(Stored records)

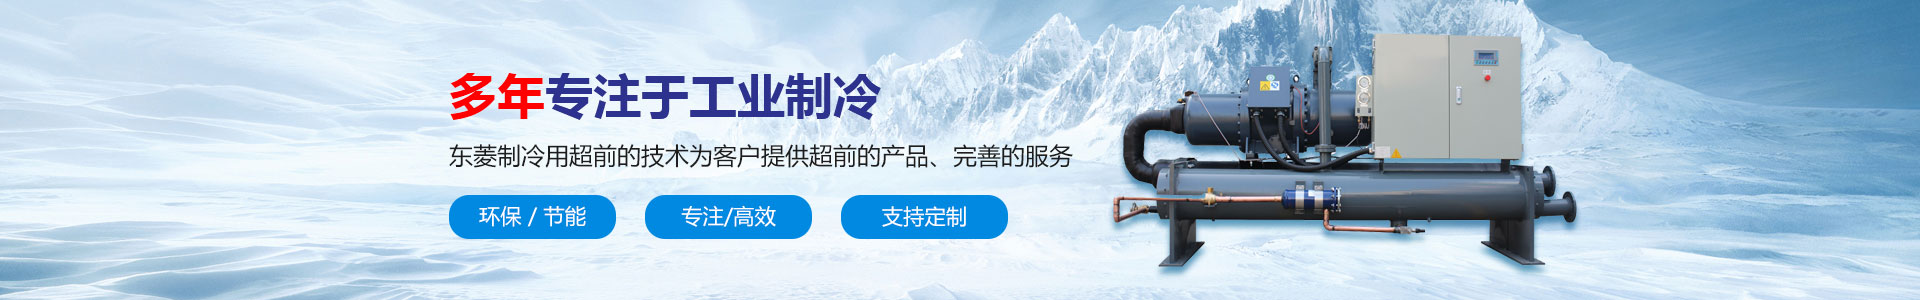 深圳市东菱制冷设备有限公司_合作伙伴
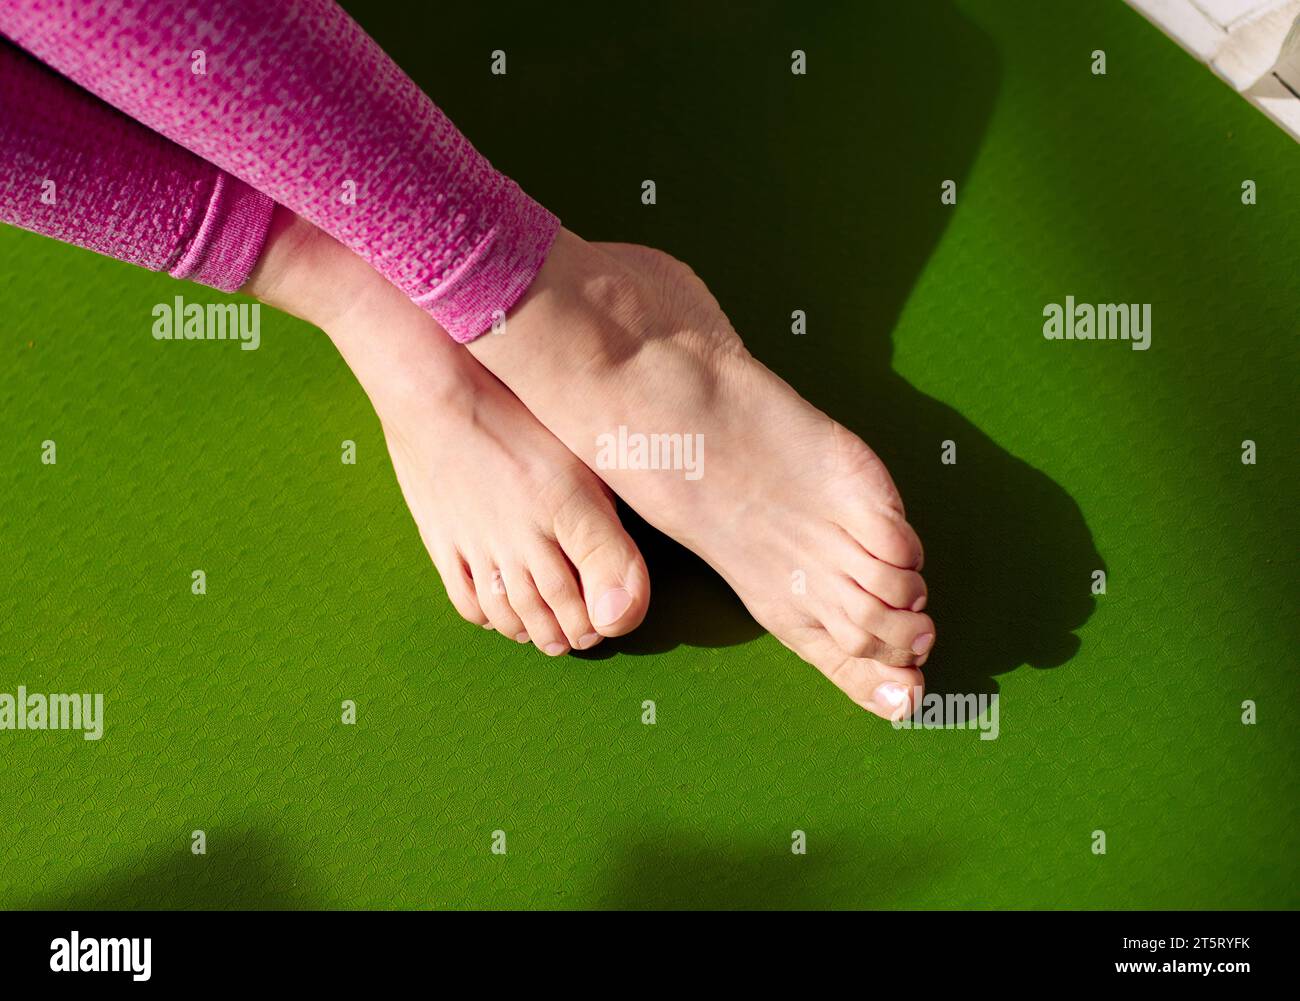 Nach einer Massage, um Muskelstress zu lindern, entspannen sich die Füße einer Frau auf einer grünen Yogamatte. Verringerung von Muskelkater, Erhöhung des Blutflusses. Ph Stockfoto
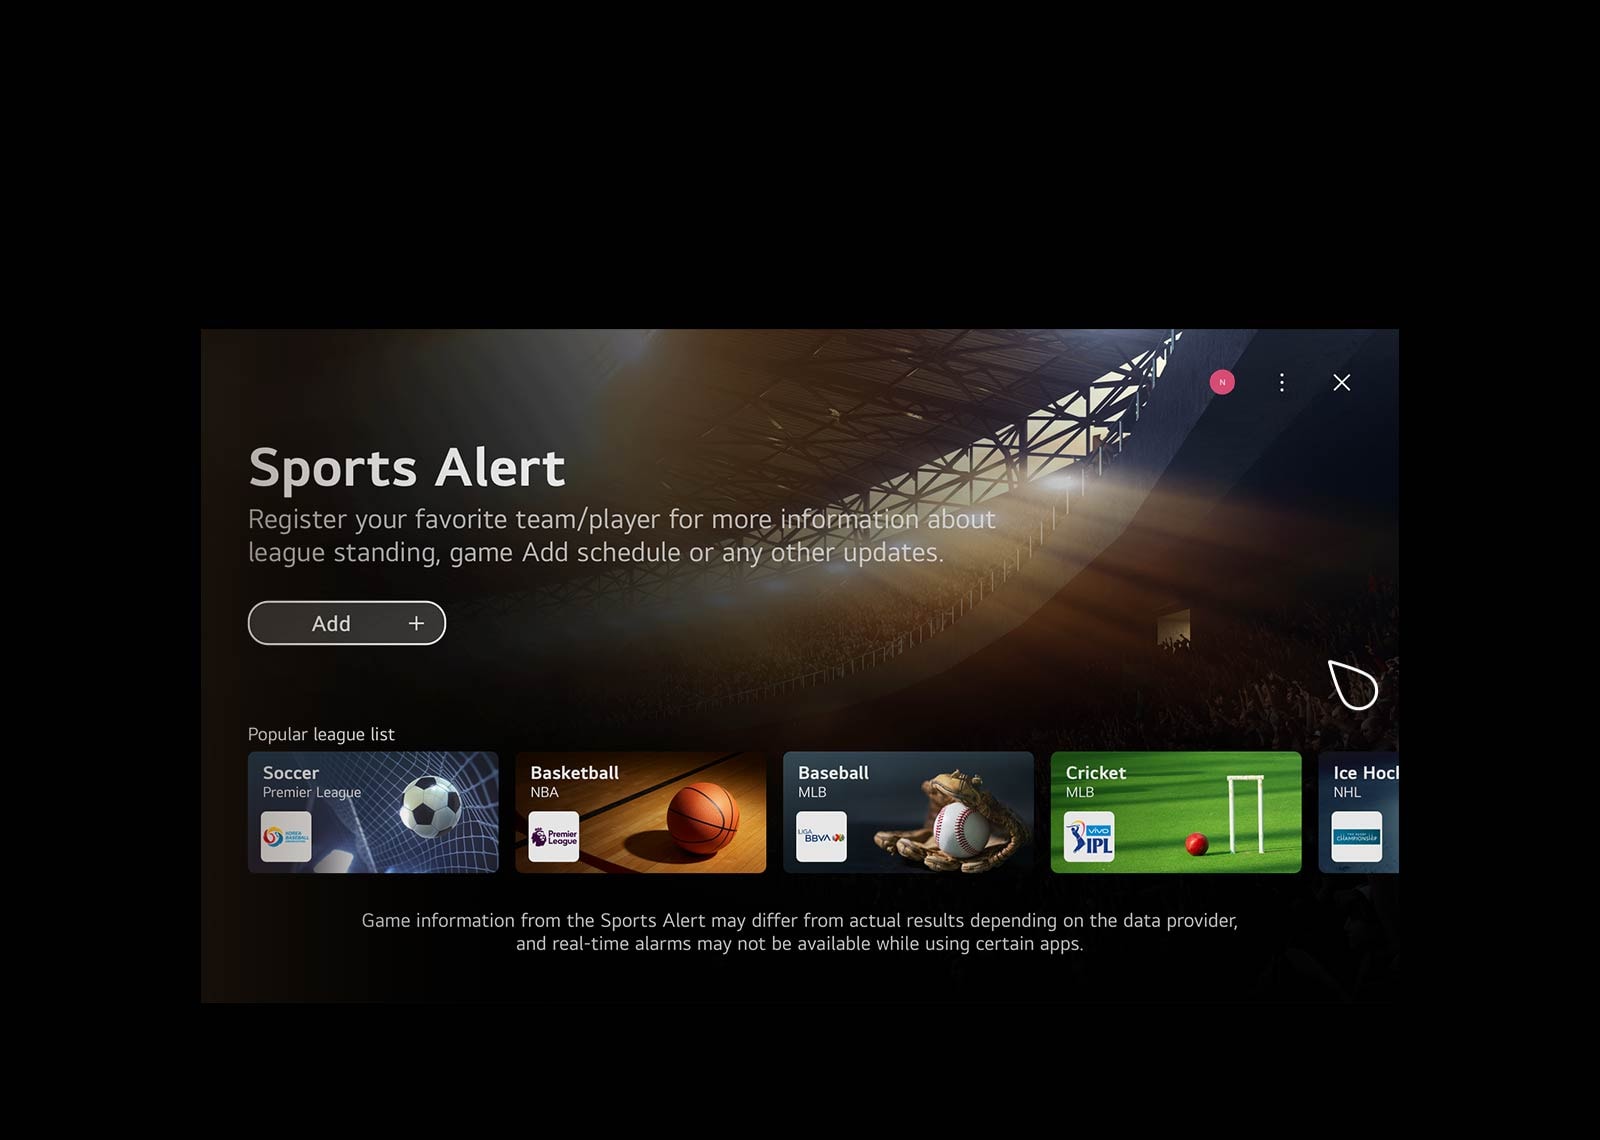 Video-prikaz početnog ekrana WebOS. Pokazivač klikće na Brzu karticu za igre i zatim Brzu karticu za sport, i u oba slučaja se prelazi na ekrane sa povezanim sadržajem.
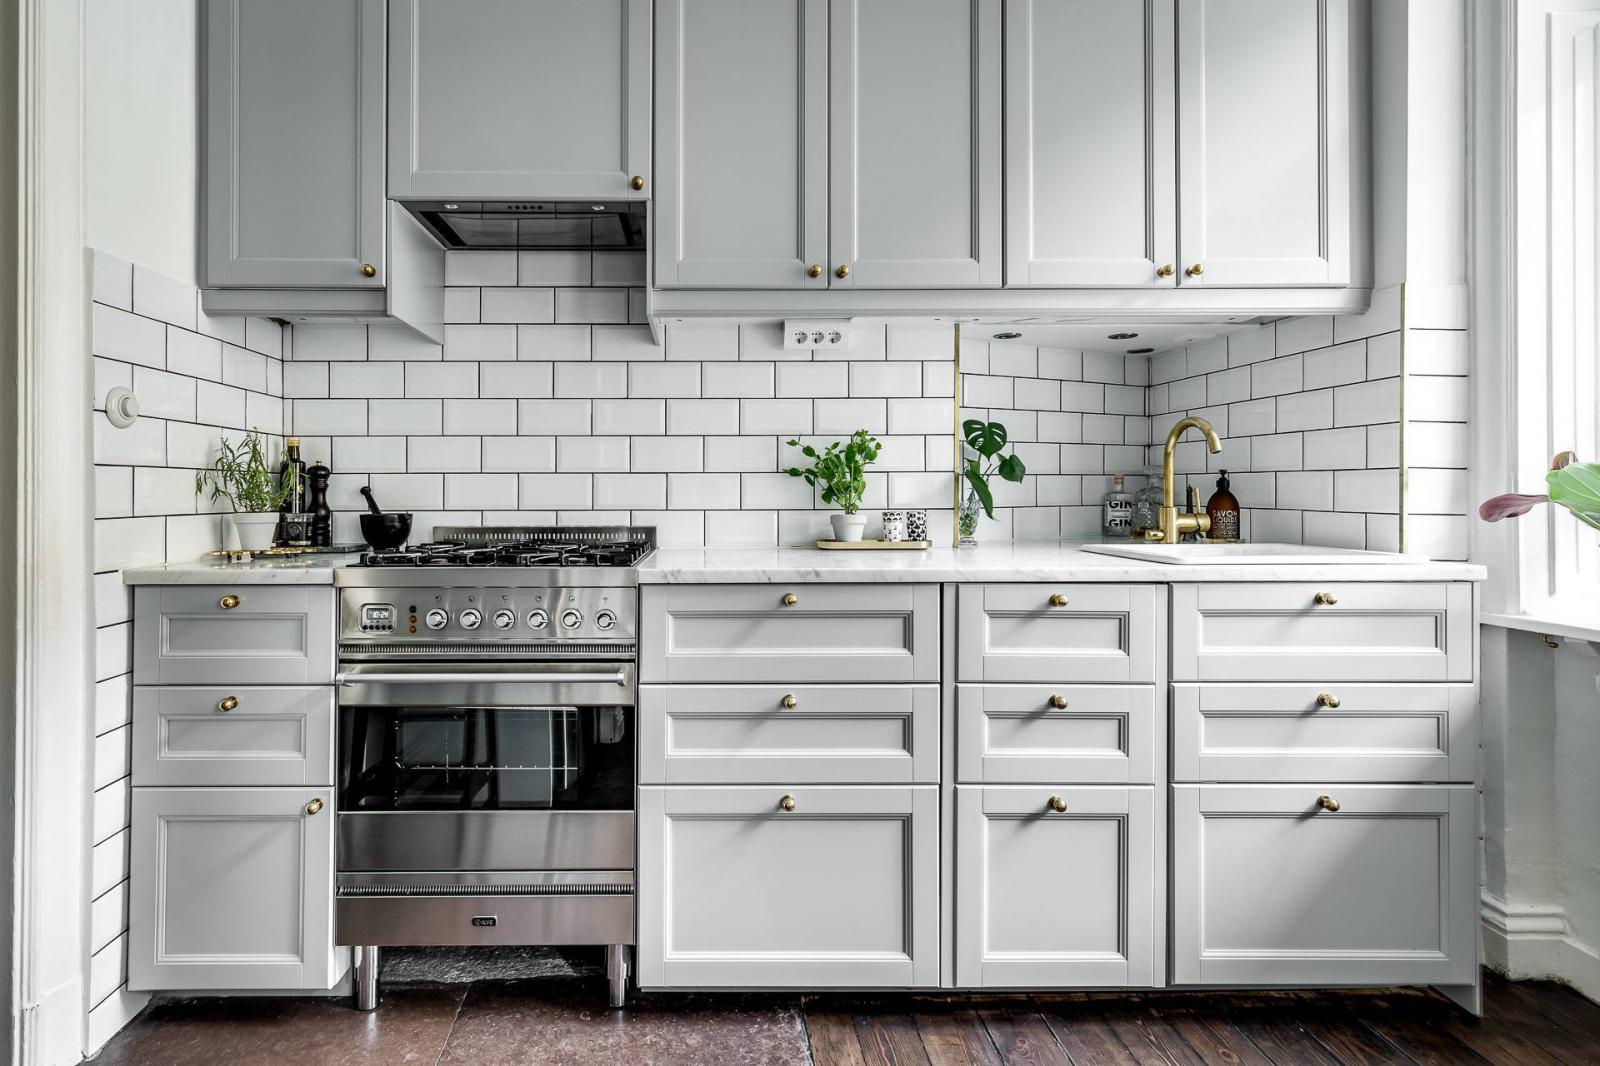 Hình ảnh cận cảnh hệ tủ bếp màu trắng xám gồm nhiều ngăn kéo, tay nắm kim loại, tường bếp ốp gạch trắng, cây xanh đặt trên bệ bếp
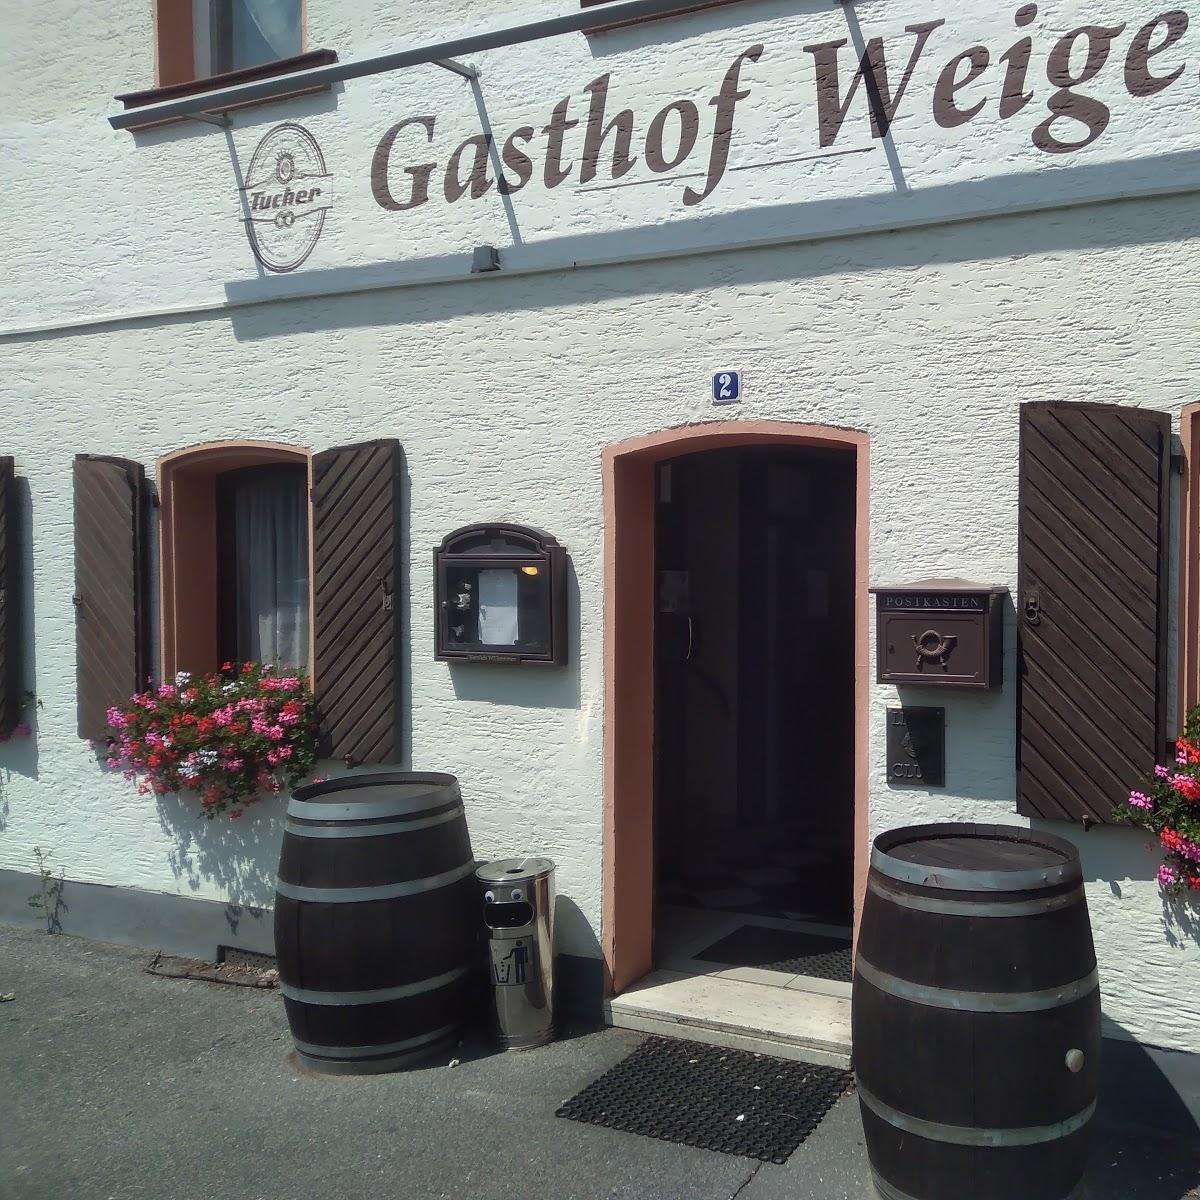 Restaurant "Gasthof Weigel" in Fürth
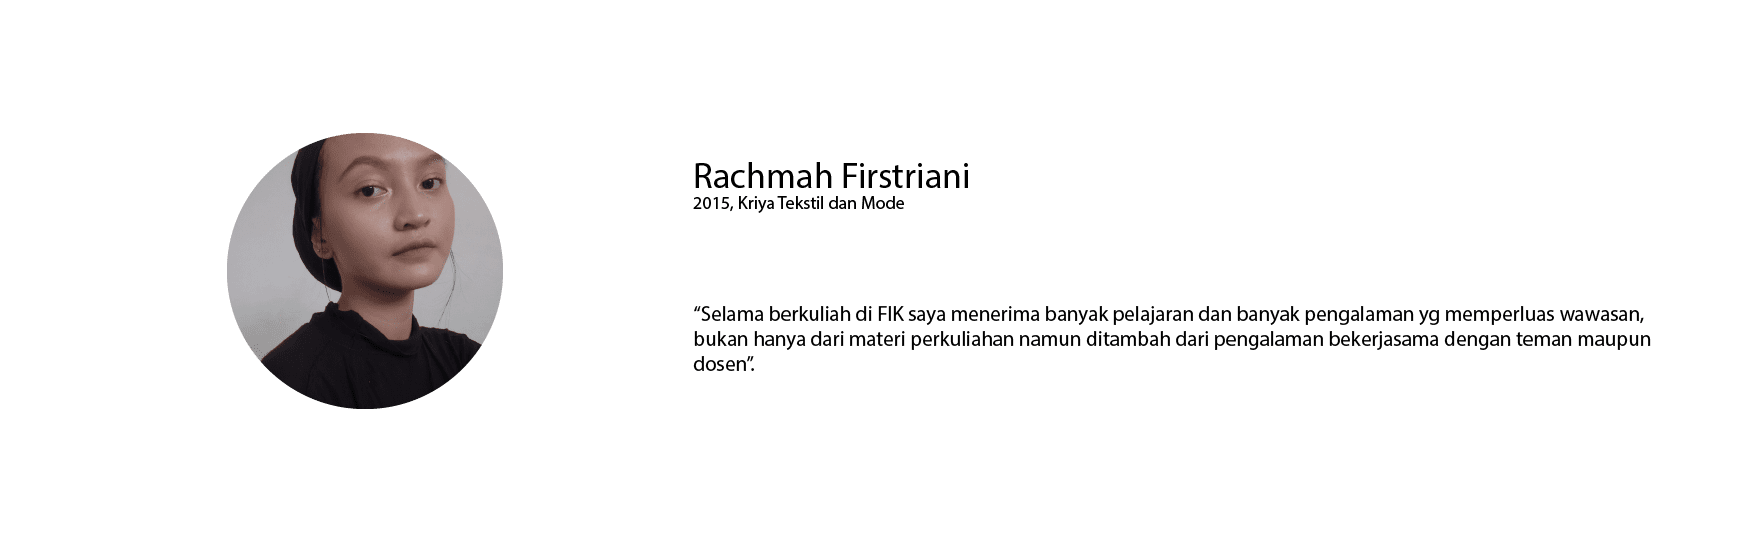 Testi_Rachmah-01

• What you should do: Each entry should be repeated exactly as it appears; the pictures stay out.

• Written answer:
 深圳市东菱制冷设备有限公司_合作伙伴
 Nach einer Massage, um Muskelstress zu lindern, entspannen sich die Füße einer Frau auf einer grünen Yogamatte. Verringerung von Muskelkater, Erhöhung des Blutflusses. Ph Stockfoto
 Video-prikaz početnog ekrana WebOS. Pokazivač klikće na Brzu karticu za igre i zatim Brzu karticu za sport, i u oba slučaja se prelazi na ekrane sa povezanim sadržajem.
 Hình ảnh cận cảnh hệ tủ bếp màu trắng xám gồm nhiều ngăn kéo, tay nắm kim loại, tường bếp ốp gạch trắng, cây xanh đặt trên bệ bếp
 Restaurant "Gasthof Weigel" in Fürth
 Testi_Rachmah-01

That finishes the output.